Iowa Officials Reach Deal with Utility to Freeze Electricity Rates
Chris Clayton , Omaha World-Herald, Neb. 7-13-01
Jul. 11--MidAmerican Energy has reached a settlement with Iowa officials that will freeze electricity rates for nearly 600,000 customers for five years and commit the company to building at least two new power plants in the state.
MidAmerican announced plans Tuesday to build a 540-megawatt, gas-fired electricity plant in Pleasant Hill, which is just east of Des Moines. Company officials said the plant is part of a plan to invest $1.5 billion to add more electric power in Iowa.
The new plants are part of a formal settlement that -- if approved by the Iowa Utilities Board -- should end regulatory fighting between MidAmerican and the Iowa Consumer Advocate's Office over the company's rates.
Just last month, MidAmerican announced that the company needed a 5.4 percent across-the-board rate hike to deal with inflation and higher maintenance costs on transmission lines.
The company's proposed rate hike was filed to counter the state's Consumer Advocate, which had filed its own case with the Utilities Board claiming that that MidAmerican's rates were already too high.

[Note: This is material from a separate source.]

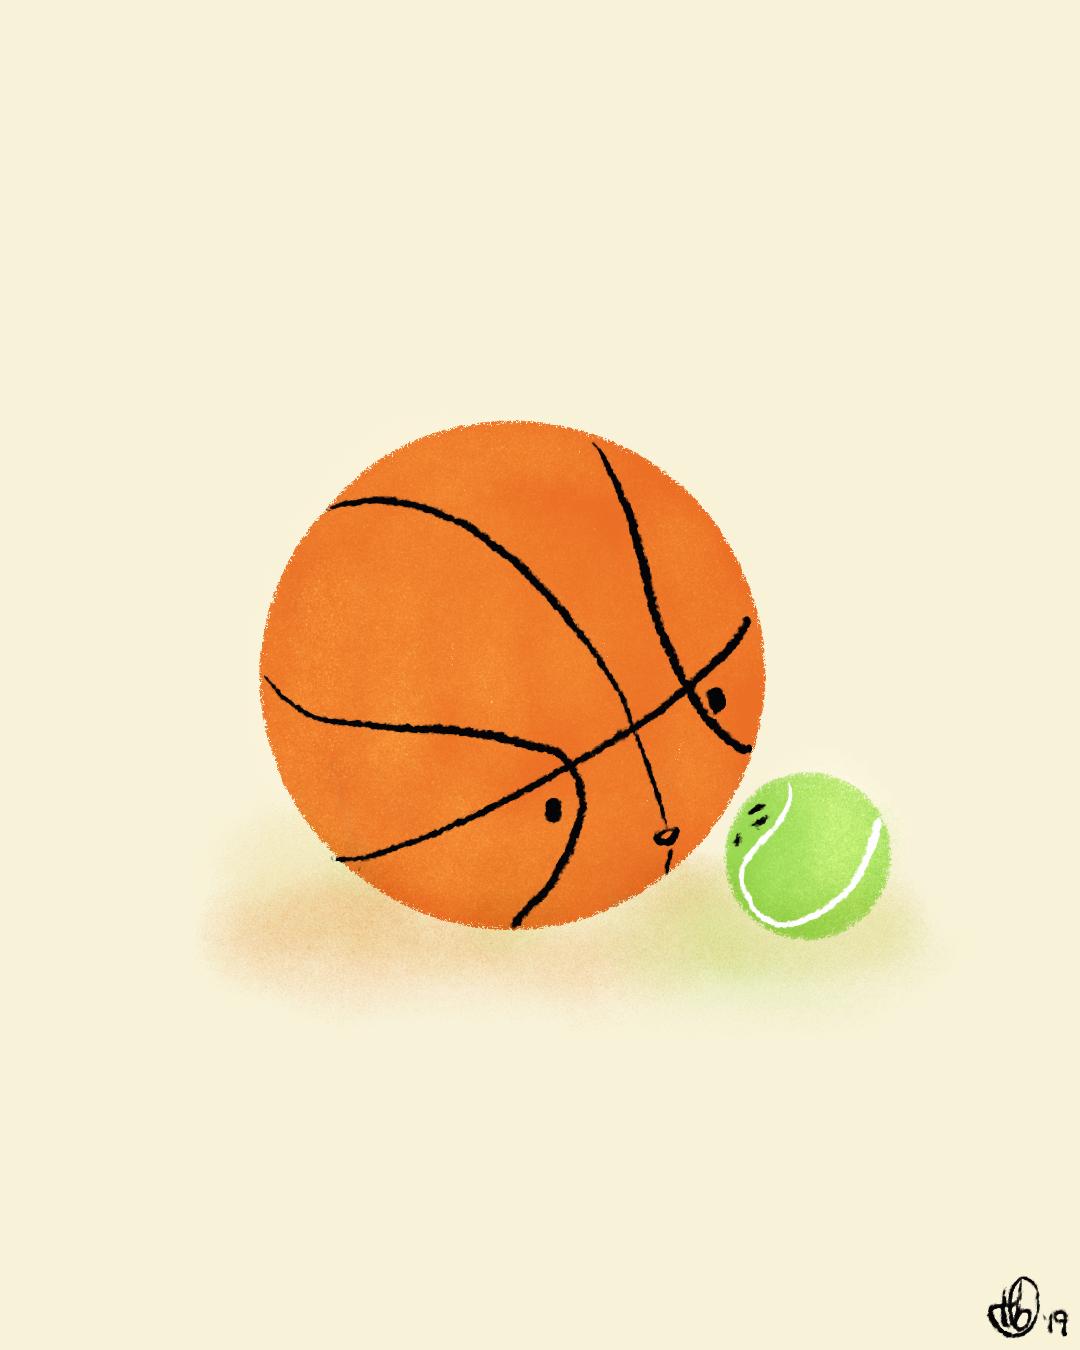 BonaddioTeresa_basketballtennis.PNG
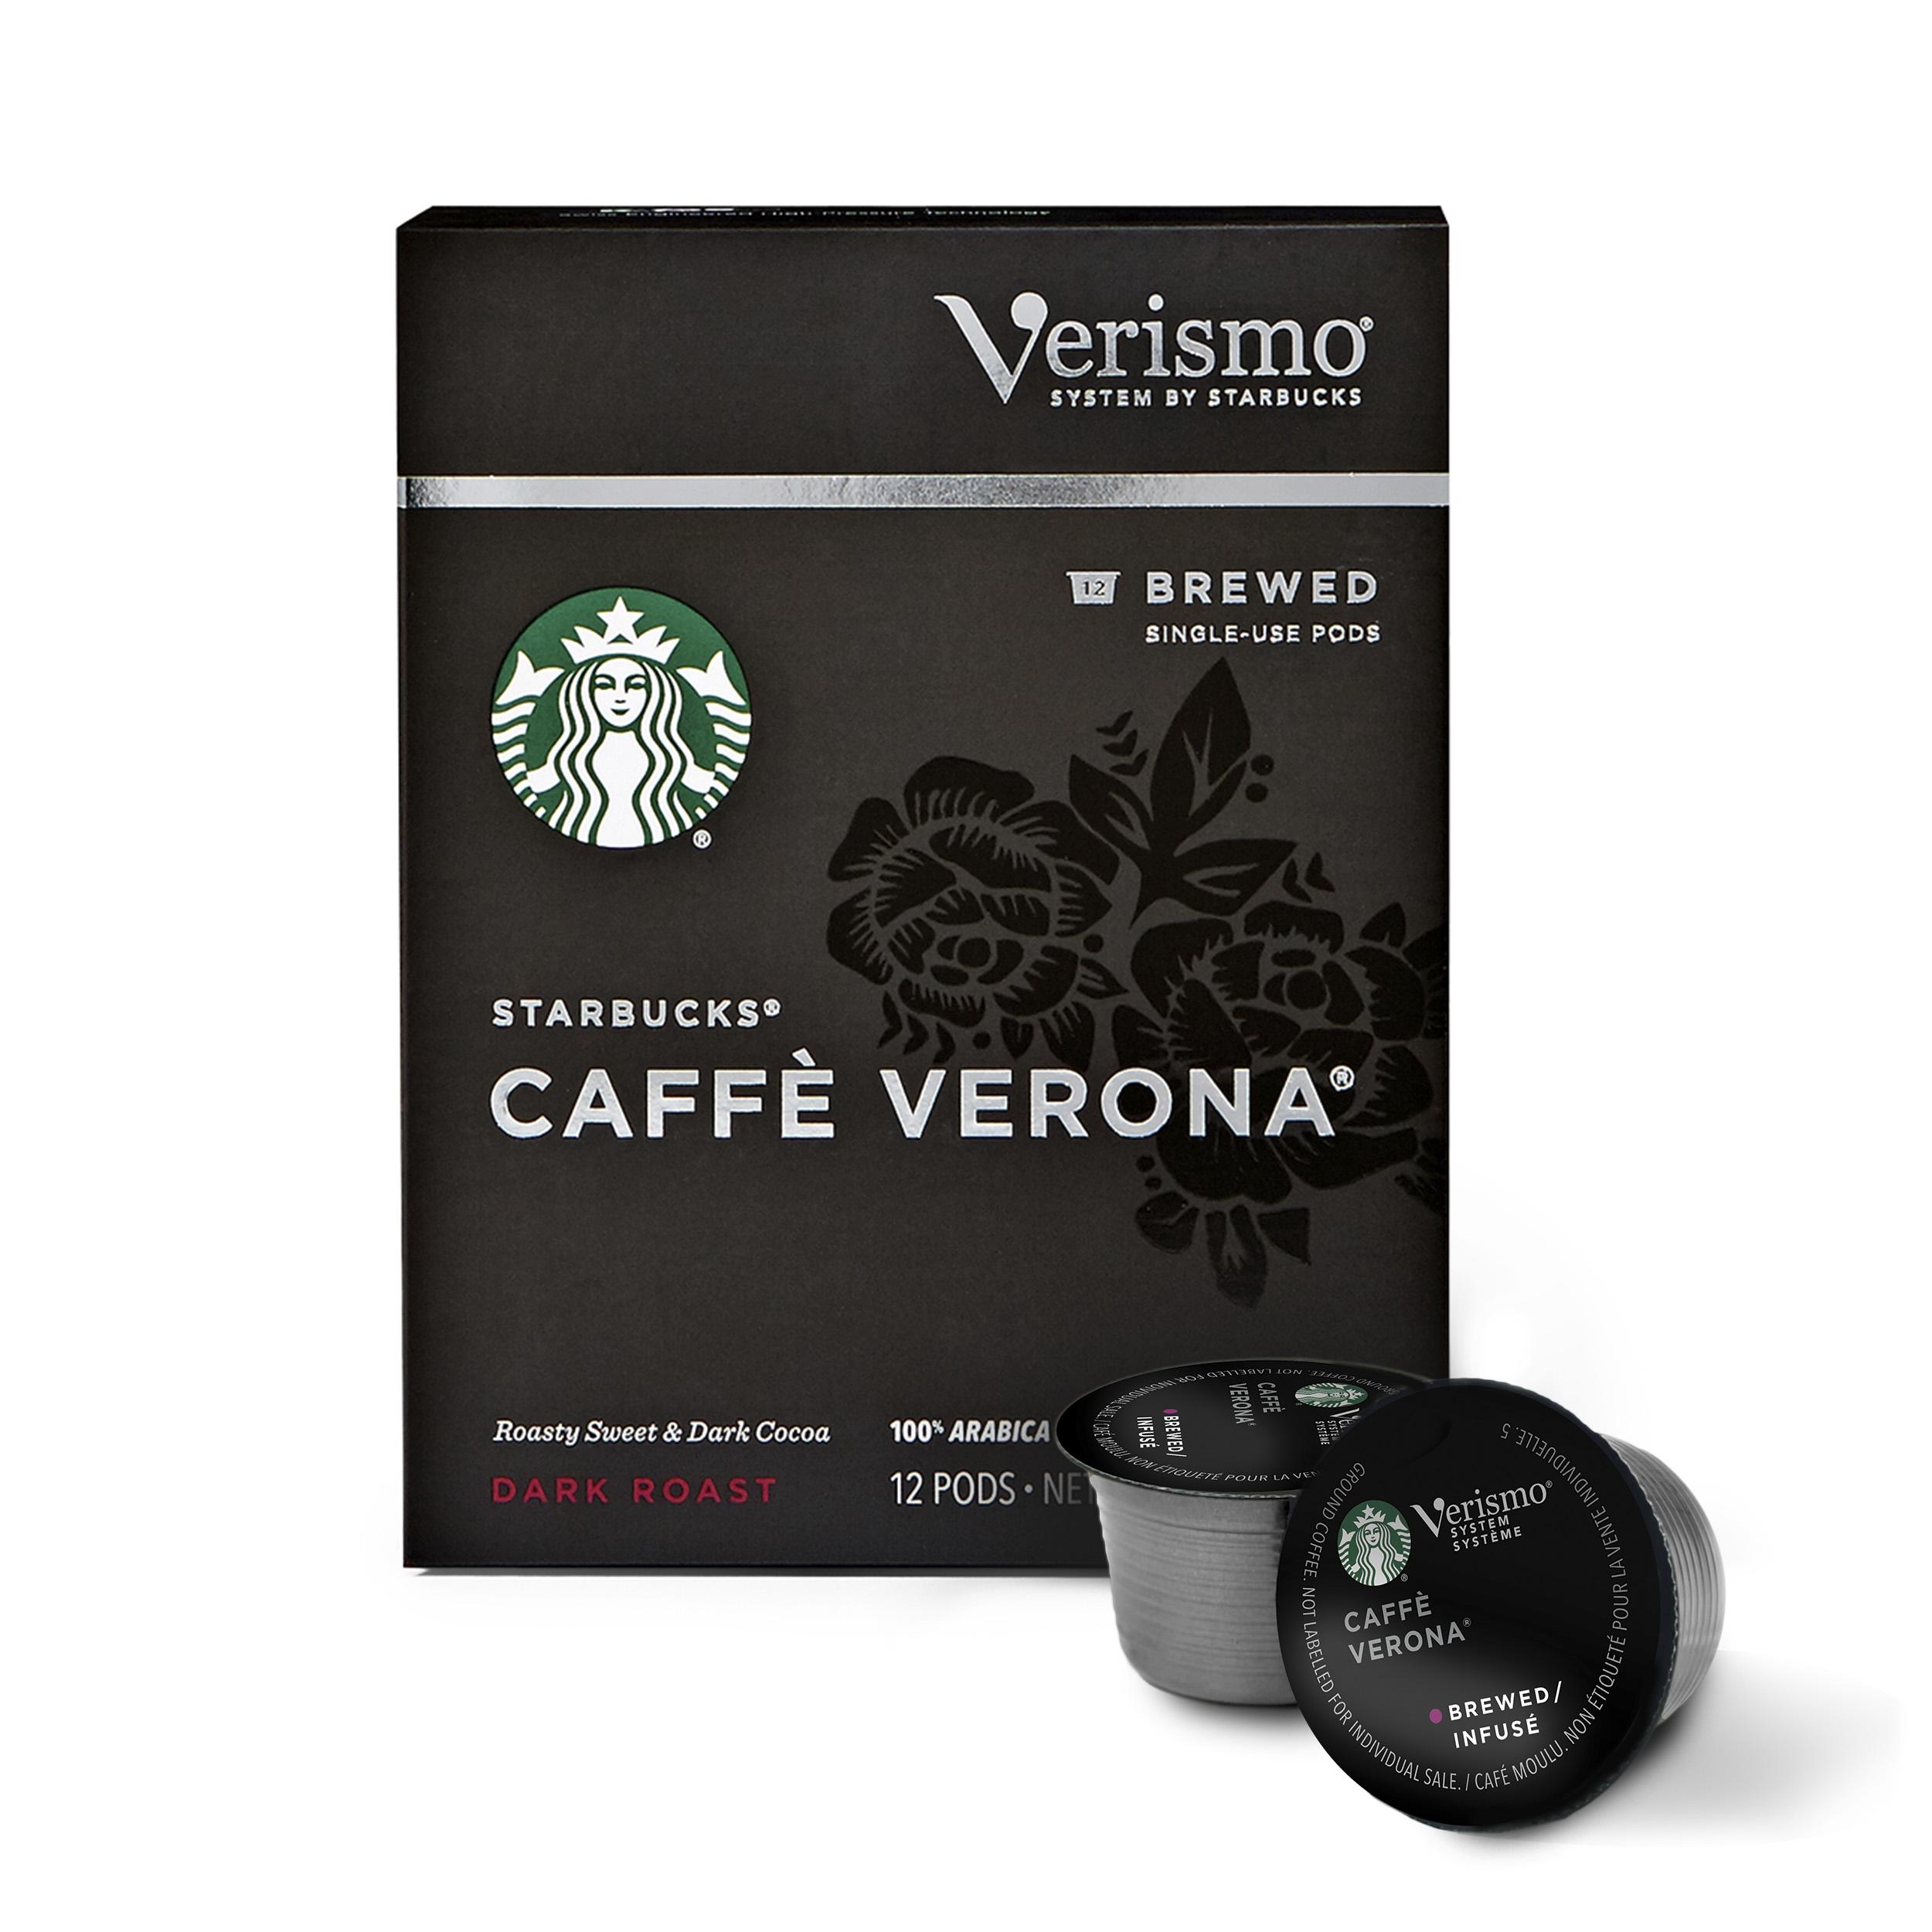 Starbucks Verismo Caffe Verona Brewed Coffee Single Serve Verismo Pods, Dark Roast, 6 boxes of 12 (72 total Verismo pods)

Iowa Attorney General Tom Miller, who helped negotiate the settlement, said consumers will benefit from stable rates while MidAmerican and state taxpayers will avoid potentially costly litigation. The new power plants also will help curtail concerns that Iowa may face a potential energy shortage in the coming years.
"This is a very good result for consumers and for Iowa," Miller said.
The Pleasant Hill plant, which will be called the Greater Des Moines Energy Center, should generate enough electricity to power roughly 180,000 homes. The plant will cost about $340 million to build, MidAmerican officials said.
The company expects to build at least one more facility that would produce 860 megawatts, but no site has been announced for the second plant, which likely will be fueled by coal.
"Our plans to build electric generating plants in Iowa represent one of the largest financial investments in the state's history," said Greg Abel, president of MidAmerican Energy Holdings Co.
MidAmerican is owned by a group of Omaha investors, which includes Berkshire Hathaway Inc. MidAmerican Chairman David Sokol said last month that Berkshire Hathaway plans to invest as much as $10 billion in the electricity industry through MidAmerican.
The new Pleasant Hill plant will be similar to a $270 million power plant that MidAmerican brought on line last month in Cordova, Ill. MidAmerican officials estimate the construction work would generate up to 500 jobs. The plant itself would have 24 full-time workers and provide about $2.7 million in annual taxes.
The plant will produce power using both natural gas and steam. The steam turbines in the plant, which uses no additional fuel, will produce power by using the waste heat exhaust from the natural-gas turbines, company officials said. The Pleasant Hill plant could be producing power by 2003 and in full operation by 2005.